What You Need to Know about Index Funds and Mutual Funds


What You Need to Know about Index Funds and Mutual Funds Barnett Financial & Tax

On their surfaces, index funds and mutual funds may seem interchangeable. Both offer diversification of assets and are commonly invested in a basket of stocks that aim to meet a certain investment goal. However, there are many key distinctions that separate an index fund from a mutual fund – distinctions that may be crucial to your portfolio of retirement investments.

The Breakdown of Index Funds

Index funds invest in a specific list of securities, such as a Dow Jones Industrial Average or S&P 500 index, that track stocks based on certain factors. The Dow Jones is a qualitative index that tracks 30 blue-chip (meaning some of the largest companies in the country that are well-known and crucial to the US economy) industrial and financial companies in the United States. The index is used by the media as a barometer of the broader stock market and the economy.[1] There are many other indexes that track different stocks or securities and have different criteria for companies to get added or dropped from them.
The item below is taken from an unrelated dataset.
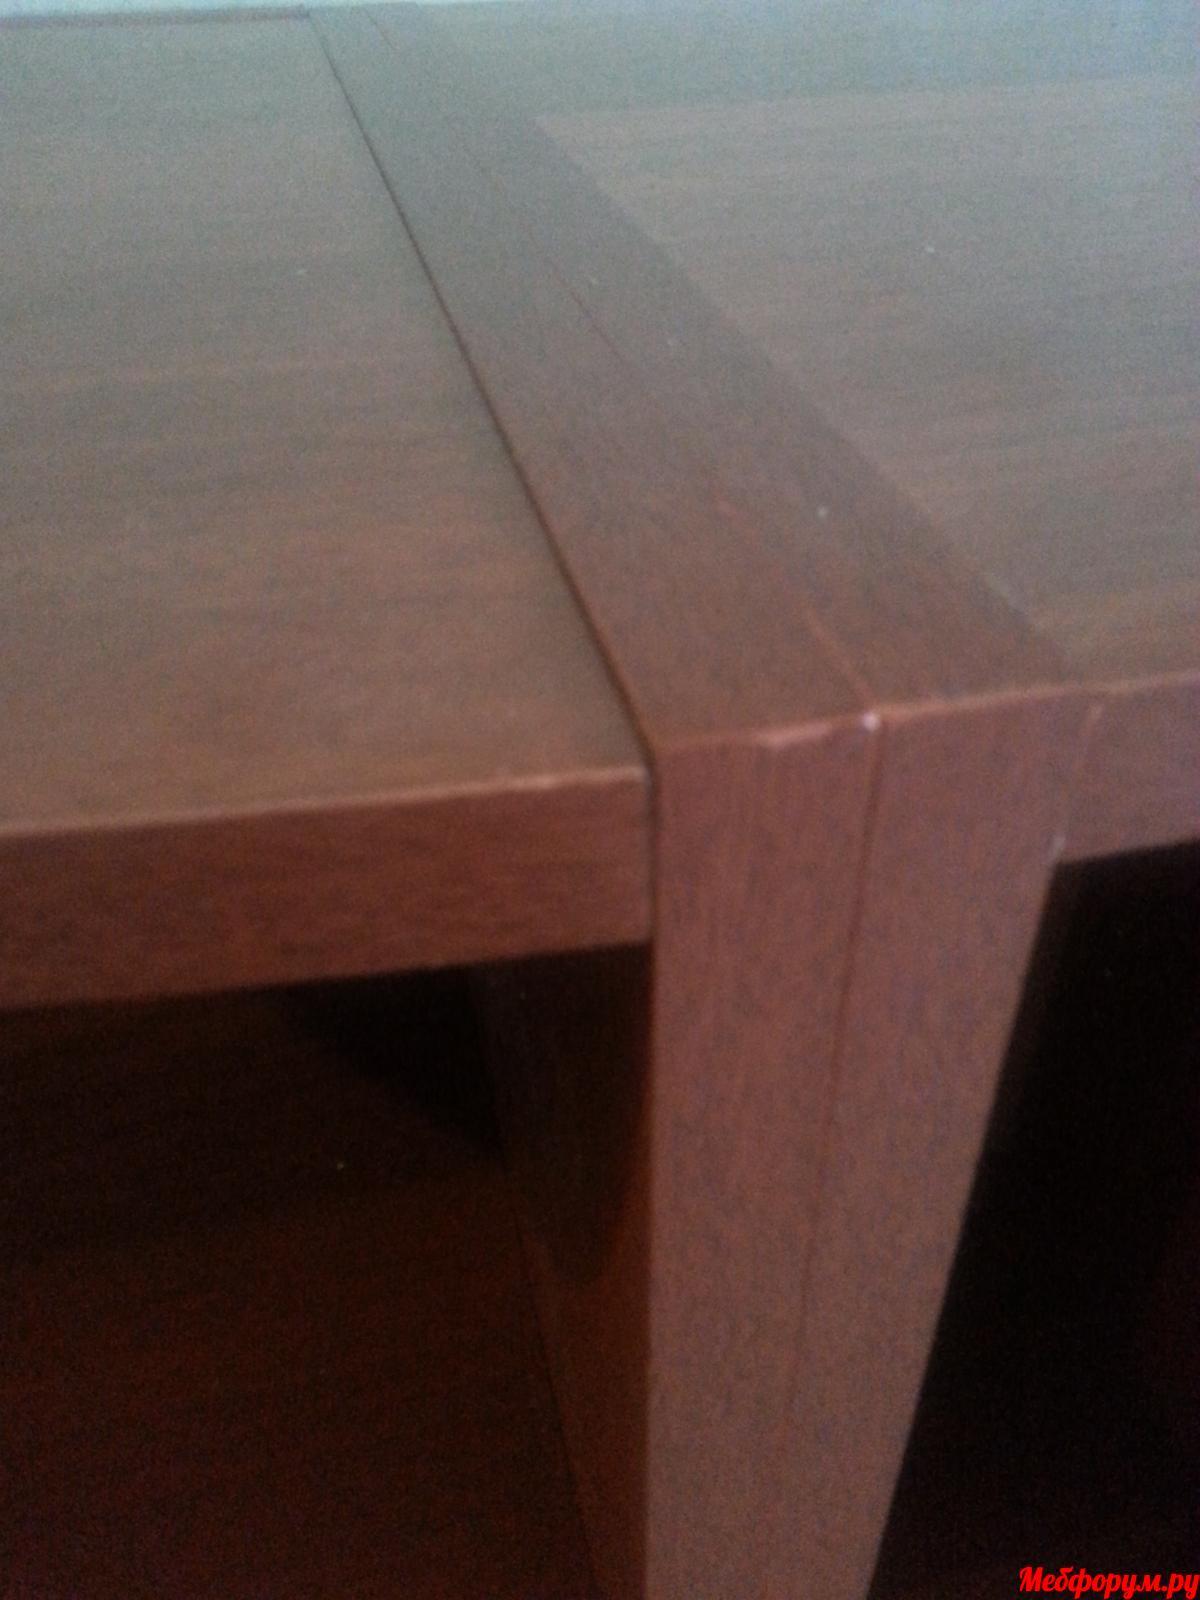 Откровенно низкое качество используемых материалов(2).jpg

When it comes to an index fund, a broker will offer a fund that allows you to buy a basket of stocks that correlates to an index. Index funds may track the same index but differ in how each stock is weighted inside the fund. Some funds may also favor or screen out sectors or stocks with certain technical or fundamental traits to meet a specific investment goal.

Overall, Index funds simply track the market in some form or another with less of a focus on “beating” the market.

The Mutual Fund Difference

Mutual funds often invest in a changing list of securities chosen by an investment manager. Mutual funds may provide you with more diversification and a greater range of options, but index funds are often less expensive in fees. In addition, a mutual fund’s aim is to specifically meet an investment goal and to “beat” the market. In other words, mutual funds are actively managed funds, while index funds are passively managed, only really changing based on the stock index, not a manager’s decisions.[2]

Over the course of many years, even longer than any one person’s life, index funds outperform mutual funds on average, especially when factoring in the fees charged. However, those fees may be worth it when specific investment risks are covered, and you benefit from increased diversification and flexibility.